Watching him, you get the sensation that he is exerting just enough control of his voice to keep from blasting out the speakers. Not having been blessed to have seen or heard Hendrix live, I almost hesitate to draw the comparison, but hearing Jack White for the first time takes me back to the first time I came across Hendrix. When you lay this against the background of the rhythm laid out by Meg White it is truly stunning.

Ah yes…the drums. Hmm, it looks like a standard kit, not as visually impressive as some I have seen on stages over the years. And there is definitely no sign of the cord that seems to lead to the seamless connection between the two players on the stage allowing them to make their music flow like a panther in the jungle. I know what it is – Meg White is a damn fine drummer! It's as simple as that. She is as much a part of her instrument as Jack is to his. There is a primitive quality to her work that reaches into you and pulls your soul out to dance, jump, or simply quiver with the totality of the sound. I watched people of all ages blend together into an unbelievably happy smiling soundboard, amplifying and feeding the energy back to the stage.

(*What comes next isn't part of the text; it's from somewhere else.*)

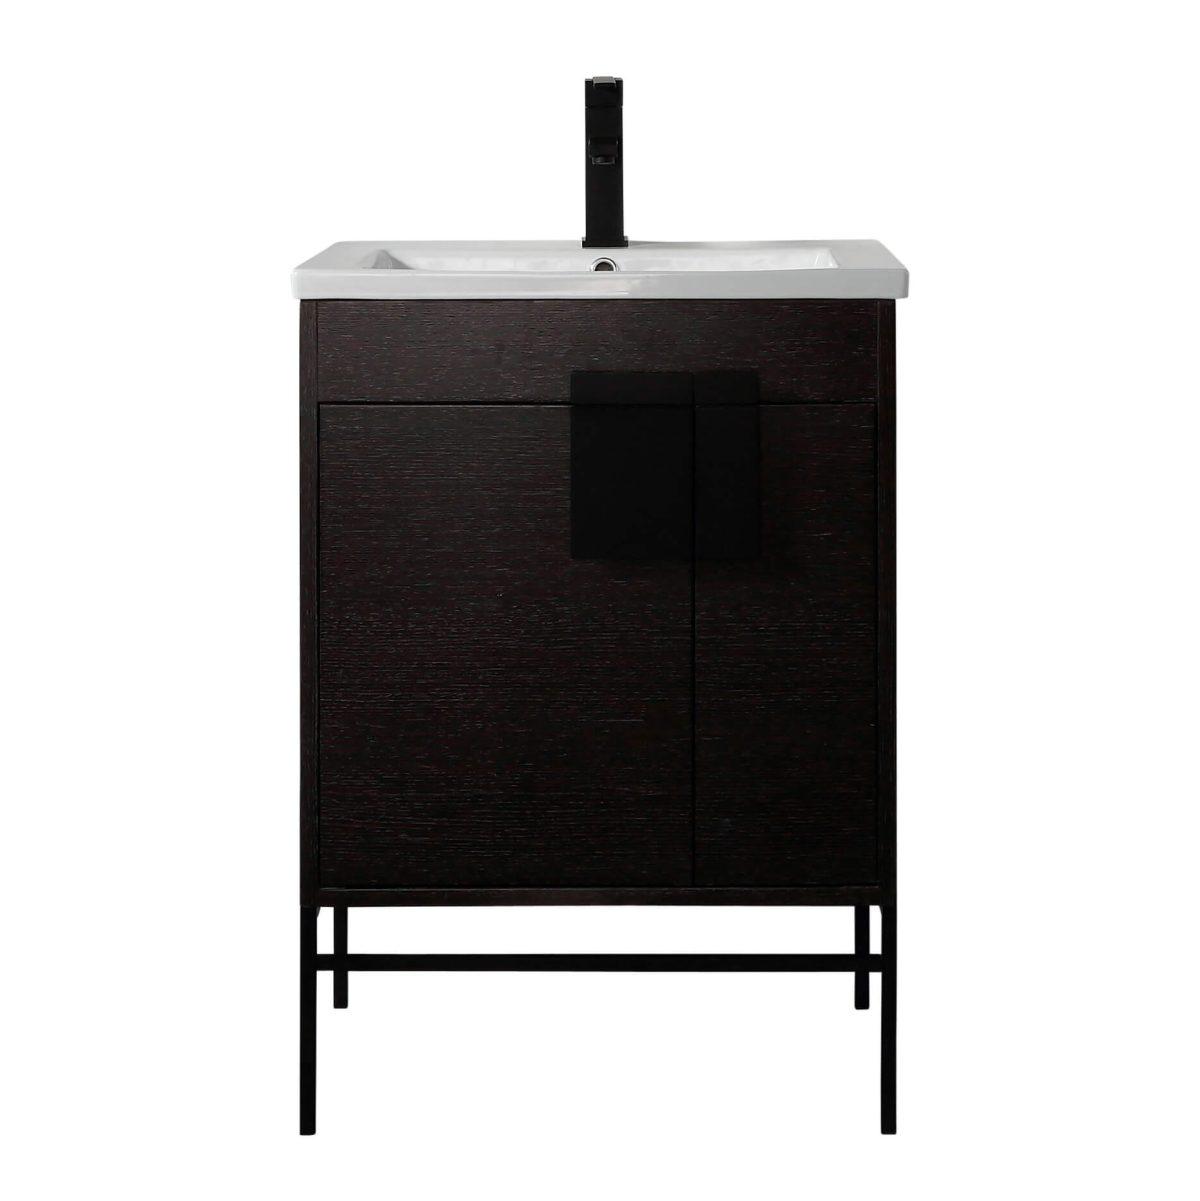 "Shawbridge 24"" Modern Bathroom Vanity  Black Oak Straight Grain with Black Hardware"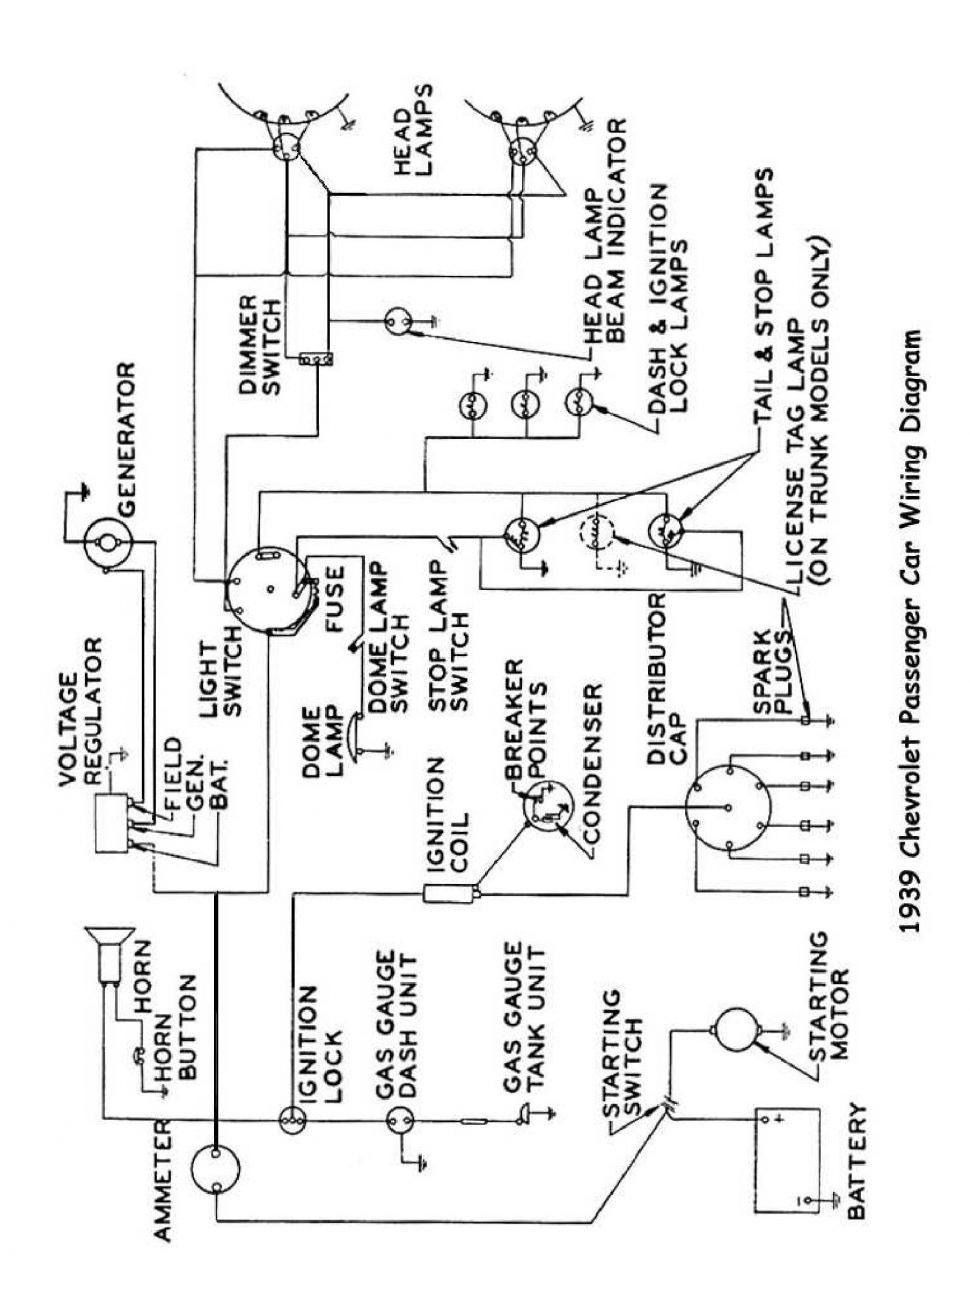 volkswagen starter wiring diagram

I wondered what would happen when Meg came out from behind the drums and stepped up to the mike, but I was not disappointed. She seemed to approach it tentatively, but when she began to sing you felt like she was as comfortable as though she was just telling a few friends the story in her heart.

The staging for White Stripes is just the right backdrop for their performance. The crispness of the red and white on the drums and guitar matches the music perfectly in its appeal to that place inside us that responds to raw sound. Fans of the “I LIKE IT LOUD” style are not going to be disappointed here either.

White Stripes musical roots are evident in not only their stage presence but in the delivery of their music. Their passion calls to mind the best of the garage rock movement – a rawness, and deep belief in their music - not caring what anyone thinks. The same depth is shown with the bluesiness of their sound – it as though they have brought blues back, translated into modern language and made it capable of reaching the newcomers to the style without putting off those who have been appreciating it for the last few decades. There was a definite jazz sassiness to their performance – a swing that made you want to dance; and stick out your tongue at the poor devils out there who just don’t get it. Being a native Texan, I was also pleased to hear the almost bluegrass tones that run though as well. Is there any sort of music that they have not been able to appreciate, and incorporate into their unique sound?? I will have to keep listening to find out.

One other thing that needs mentioning is The White Stripes have probably the classiest, best dressed stage techs I have ever seen. Their suits carried the theme beautifully, and didn’t make the jarring note that is sometimes felt when tech help is needed onstage.

After seeing White Stripes I went online to see what I could find out about this amazing pair. I also checked with my 17 year old touchstone son for the word on White Stripes, and his response puzzled me. He said, "They were Beatles-ish, but that it was something that kids didn’t mind if their parents listened to with them." I assumed it was their look – now I know it is because they bring back a freedom that music had when Rock Was Young – a freedom that anyone can relate to. After checking into their history I was almost hurt by the fact that audiences from Europe, Australia, Canada and almost everywhere else had gotten to experience the sound of White Stripes and I hadn’t.

I also read that they do their best to avoid the hype that publicity can draw down onto them, so I don’t feel so bad about not having known about them before this show. I have tried very hard not to fall into “hype” as well, but Jack White and Meg White have a talent that almost makes it inevitable. Judging by the line of fans that was already waiting at 3 P.M. on a stickynastyhot Austin afternoon for the 7 P.M. show, White Stripes definitely has what it takes. So tell everyone you know about them – just please do it quietly – I’m busy listening.